**AIM OF THE EXERCISE:**
Quote, word for word, only the lines running from the line with "Featured Vintage Baby" through the end of the listing. Leave out the pictures.

**INFORMATION SHOWN:**
= Beginning of Section =

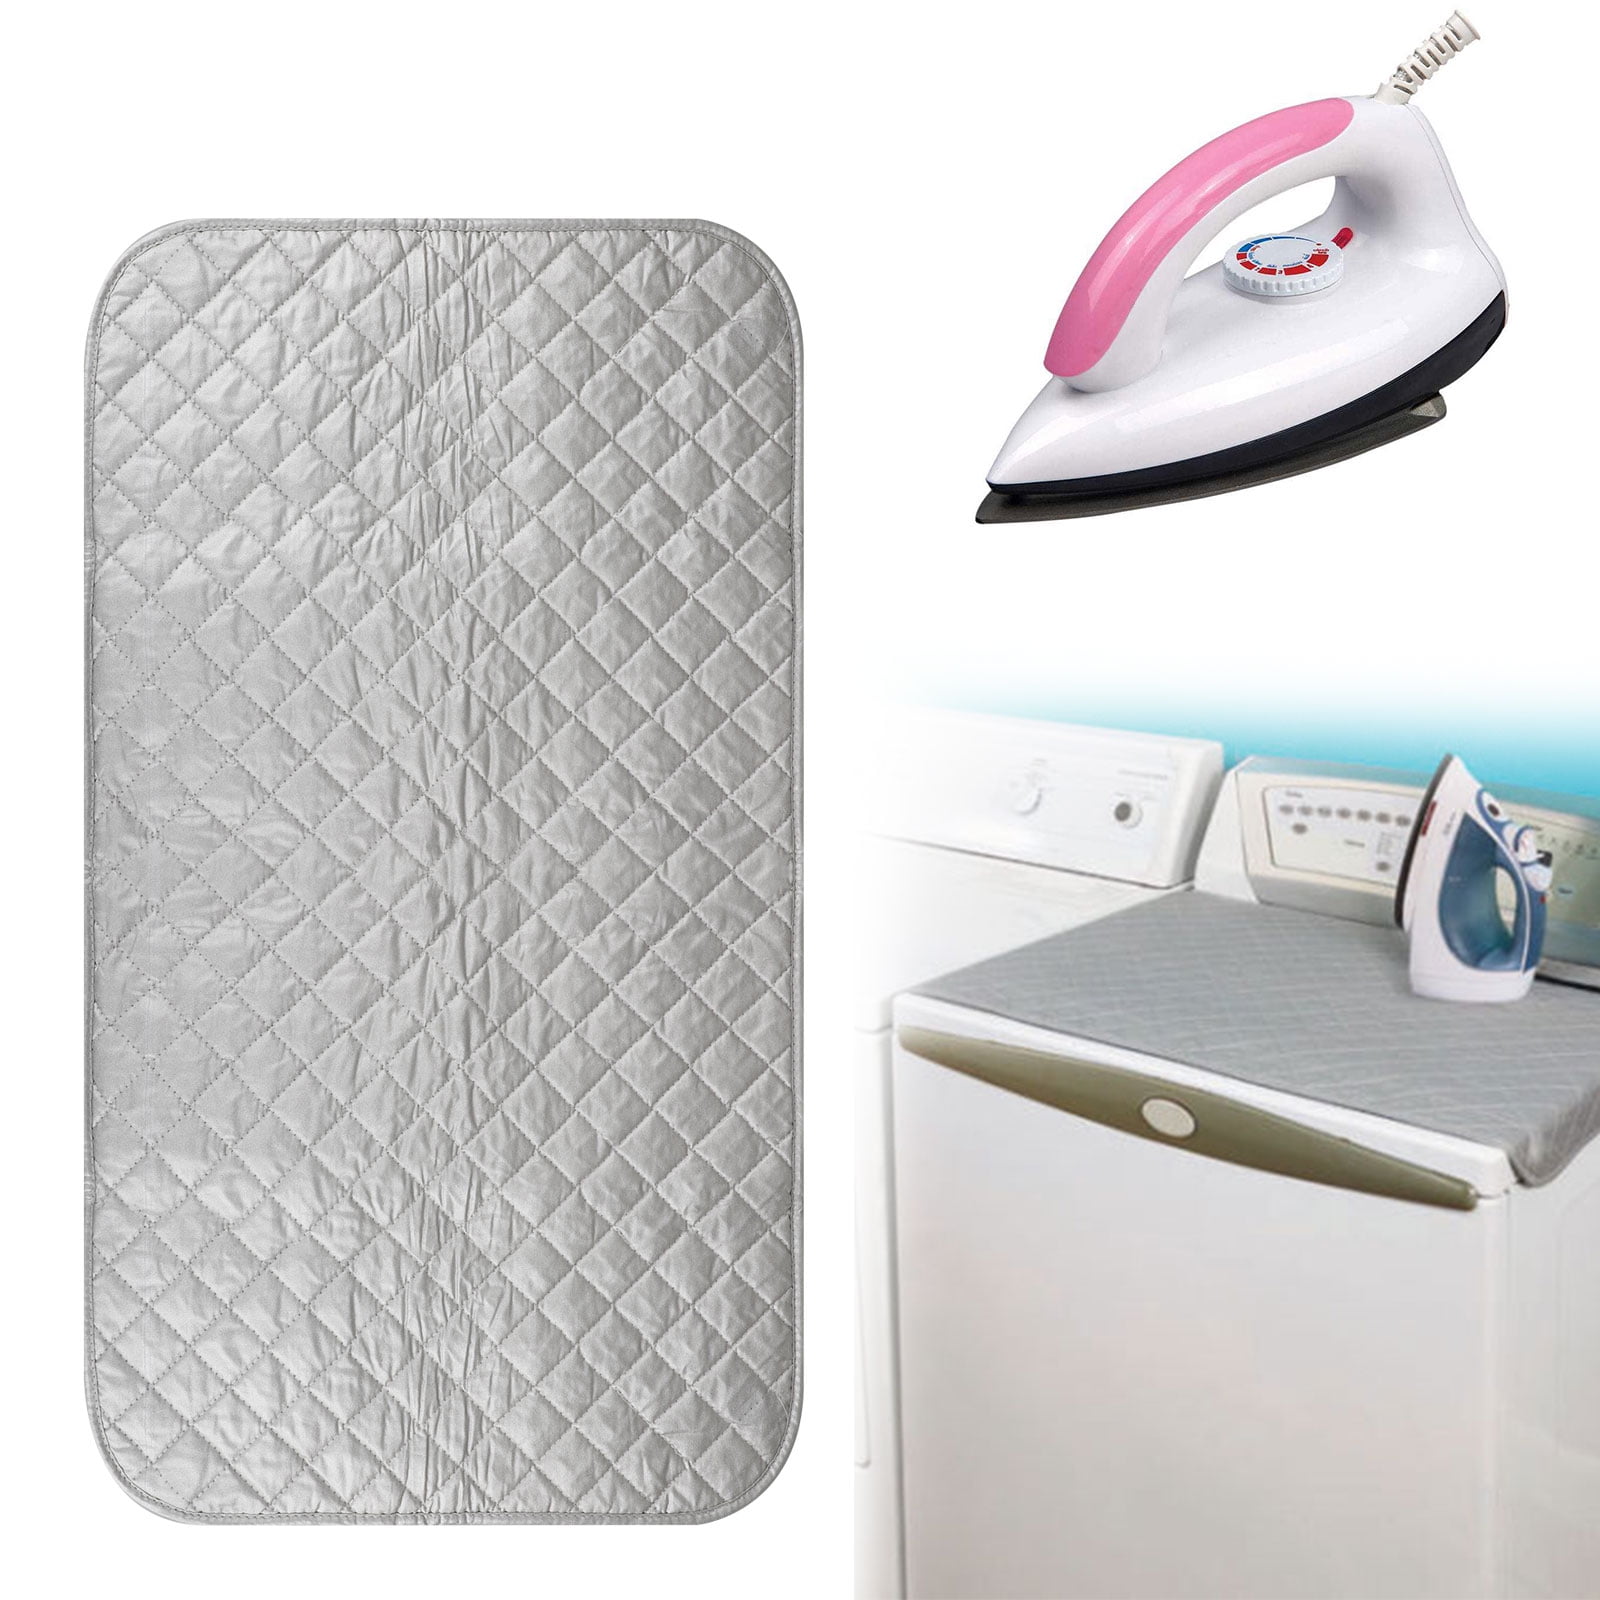 Ironing Pad, Portable Foldable Anti-Slip Magnetic Travel Ironing Pad Mat  Blanket Ironing Pad Cover for Washer/Dryer/Table Top/Countertop/Small  Ironing
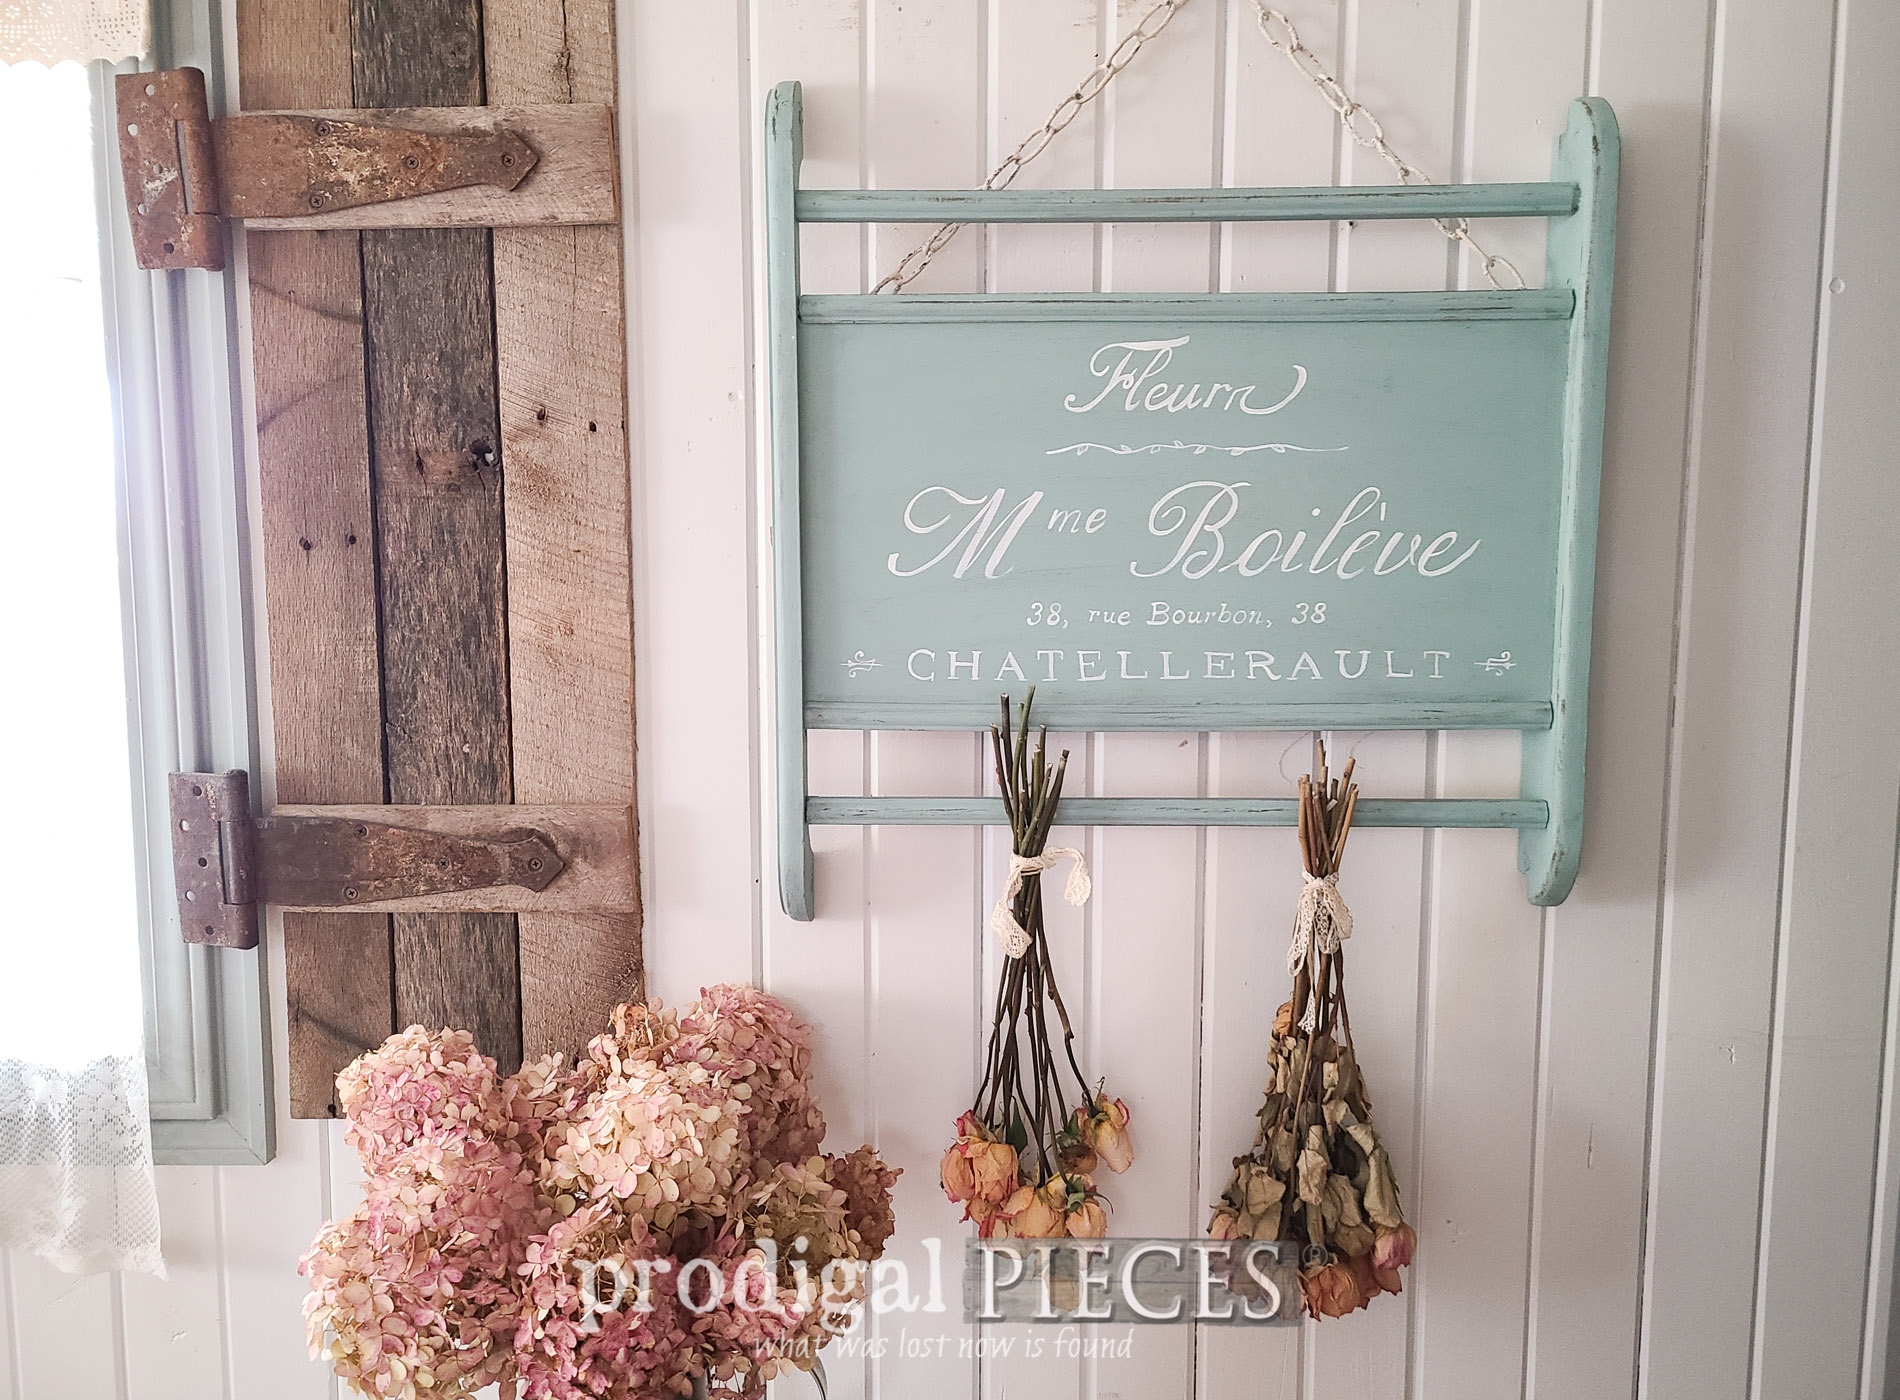 Featured Vintage Baby Crib Upcycled into 2 Home Decor Projects by Larissa of Prodigal Pieces | prodigalpieces.com #prodigalpieces #diy #upcycled #french #farmhouse
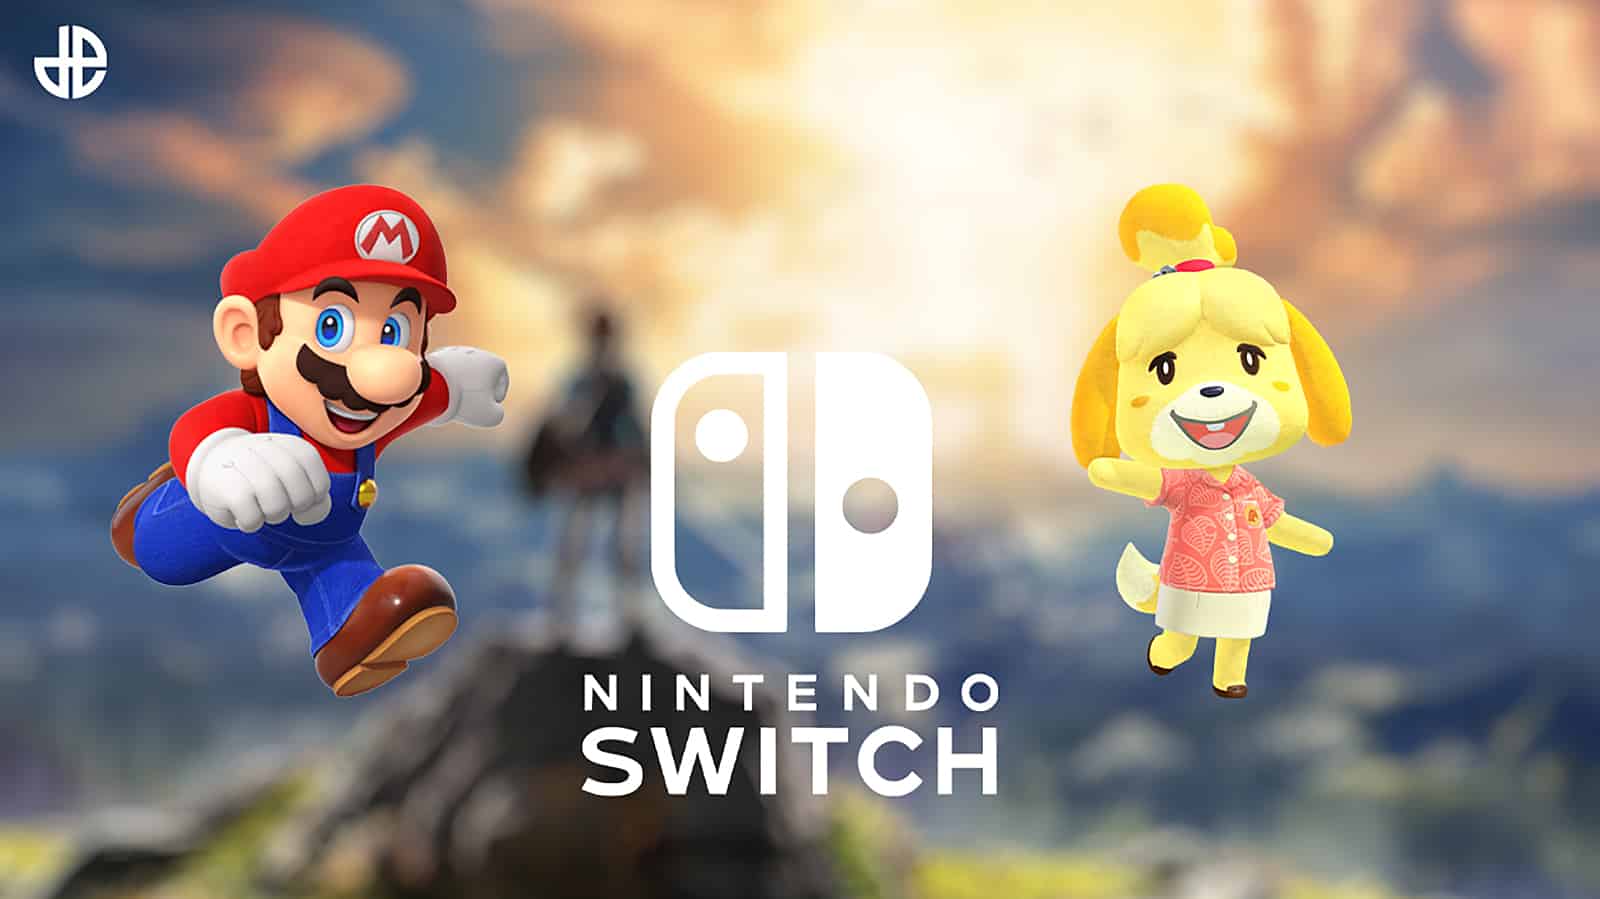 An image of the Nintendo Switch logo with a blurred background of link and other Nintendo game characters

= End of Section =

**ANSWER AREA:**
 Featured Vintage Baby Crib Upcycled into 2 Home Decor Projects by Larissa of Prodigal Pieces | prodigalpieces.com #prodigalpieces #diy #upcycled #french #farmhouse
 An image of the Nintendo Switch logo with a blurred background of link and other Nintendo game characters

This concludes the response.